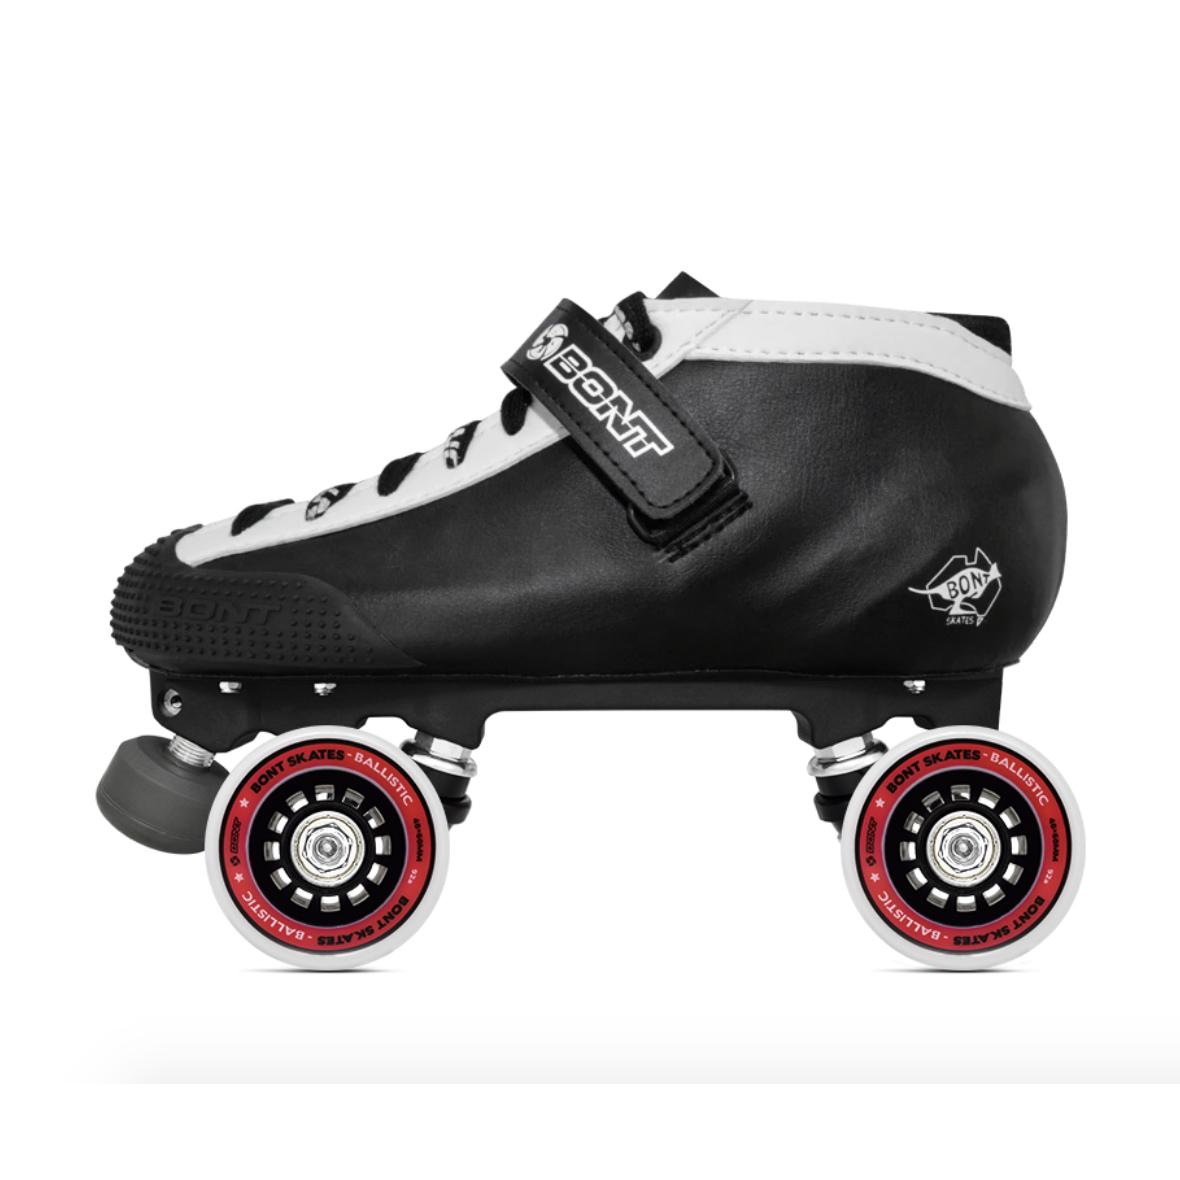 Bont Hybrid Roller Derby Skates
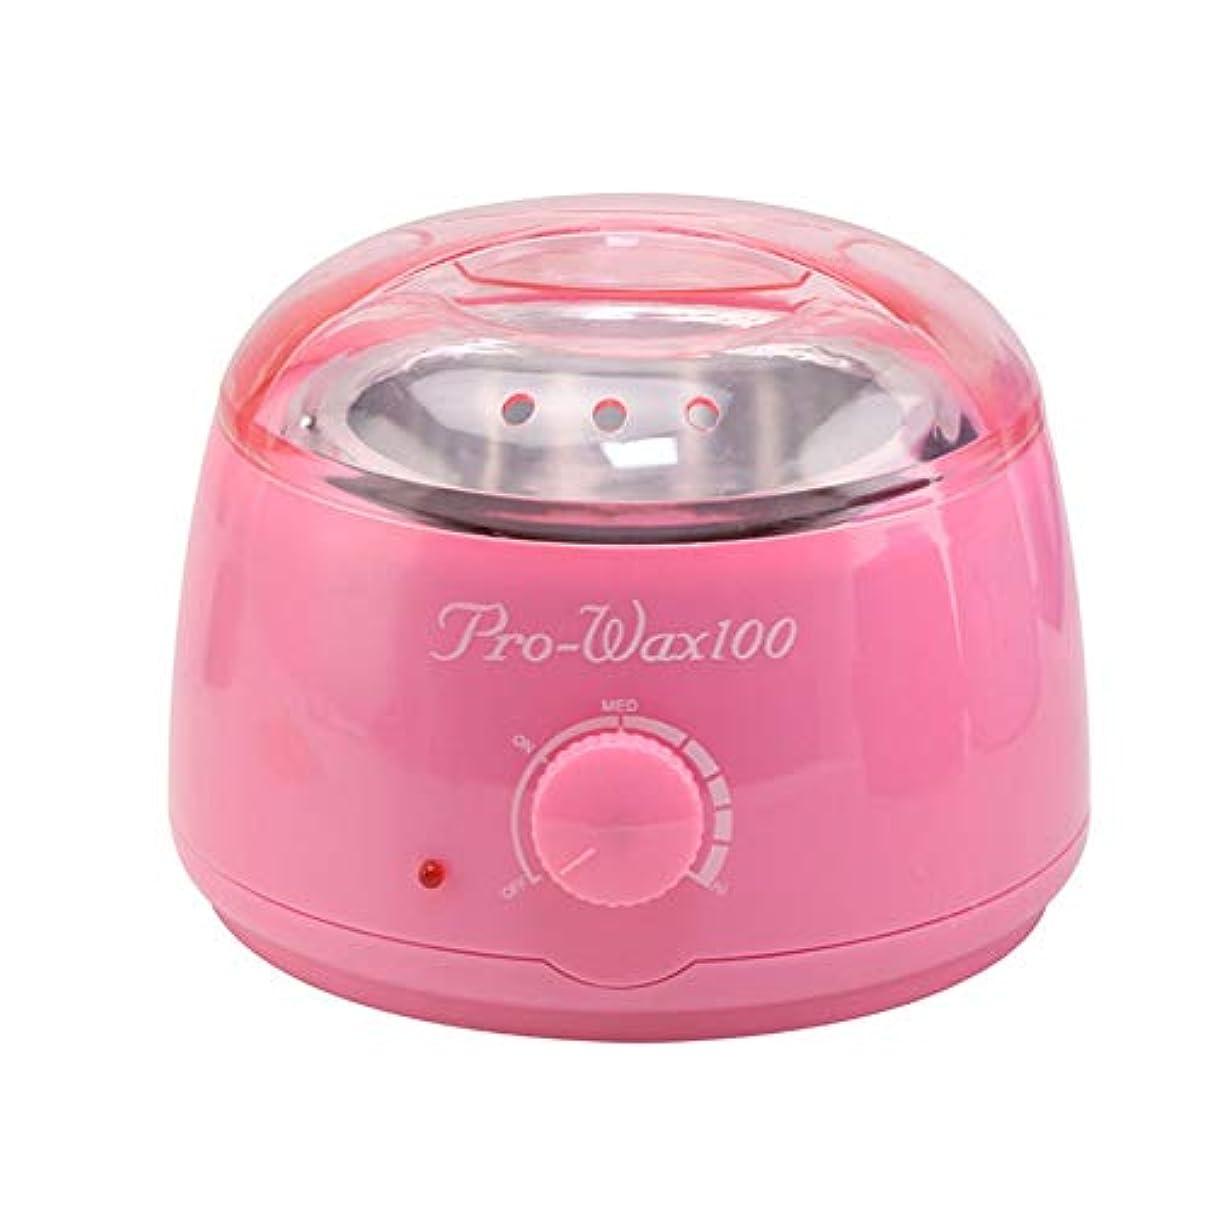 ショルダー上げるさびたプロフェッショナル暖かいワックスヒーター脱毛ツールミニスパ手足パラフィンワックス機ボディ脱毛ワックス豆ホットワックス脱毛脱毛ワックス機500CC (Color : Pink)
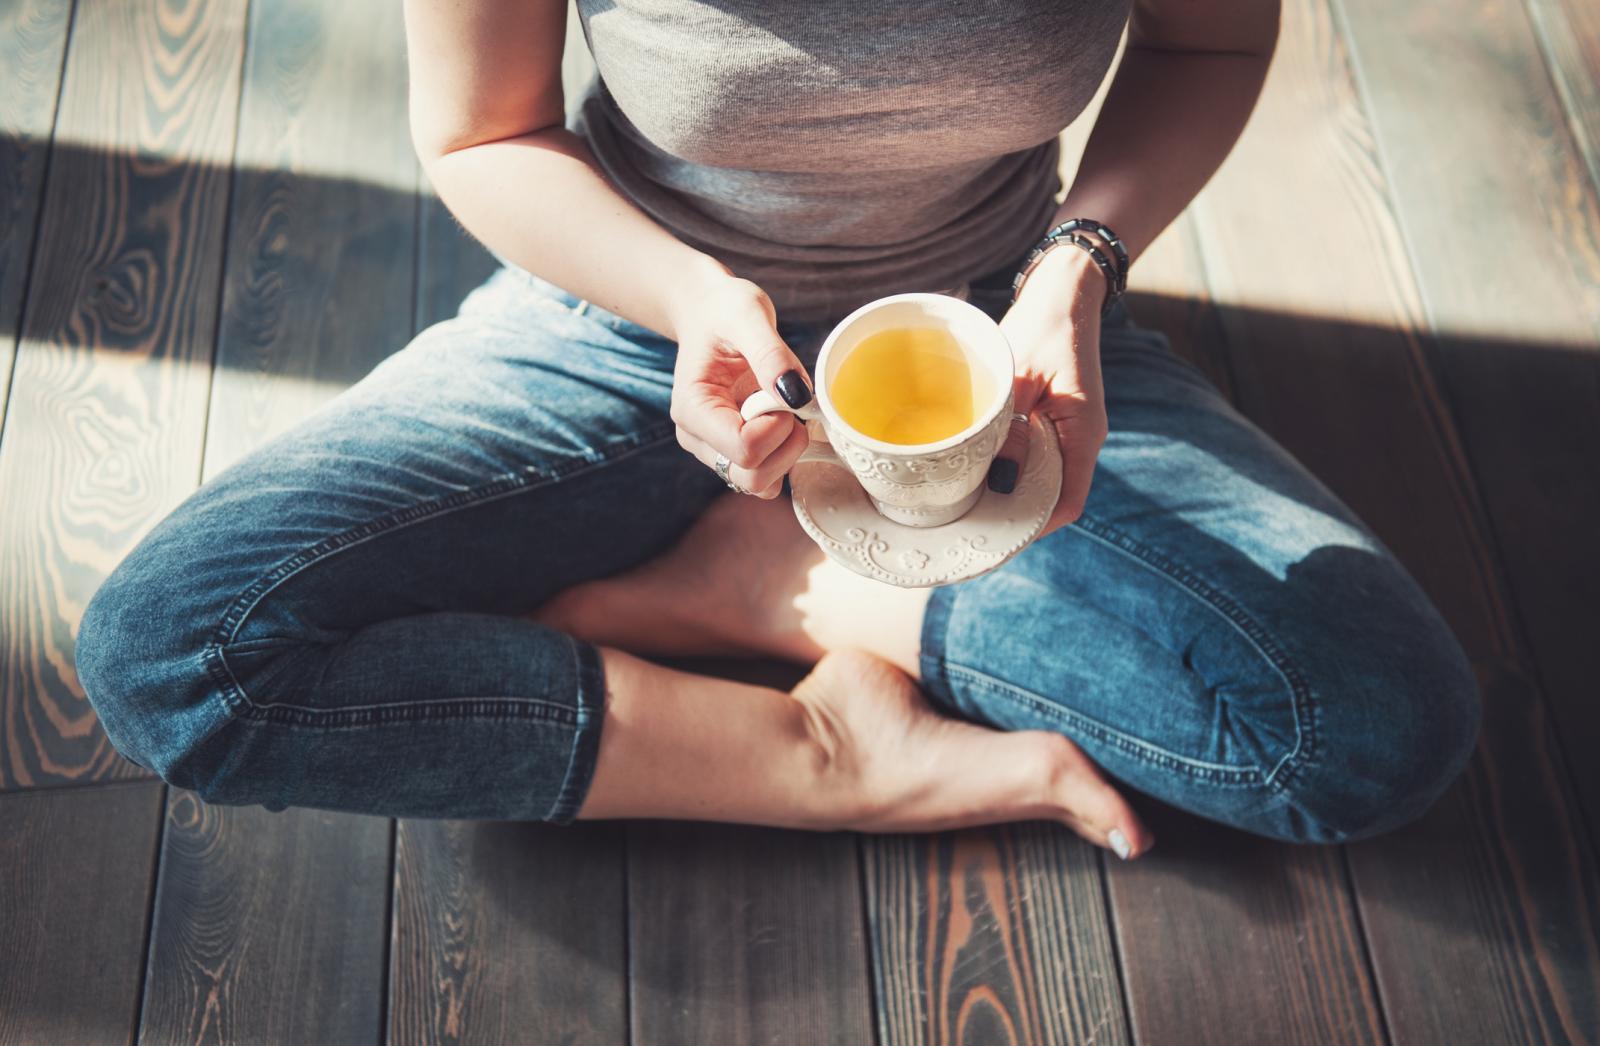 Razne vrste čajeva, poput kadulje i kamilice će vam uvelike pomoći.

○ ○ ○ ○ ○

Drop the pictures and give every line above again exactly.

» TASK SOLUTION
 Bont Hybrid Roller Derby Skates
 ショルダー上げるさびたプロフェッショナル暖かいワックスヒーター脱毛ツールミニスパ手足パラフィンワックス機ボディ脱毛ワックス豆ホットワックス脱毛脱毛ワックス機500CC (Color : Pink)
 Razne vrste čajeva, poput kadulje i kamilice će vam uvelike pomoći.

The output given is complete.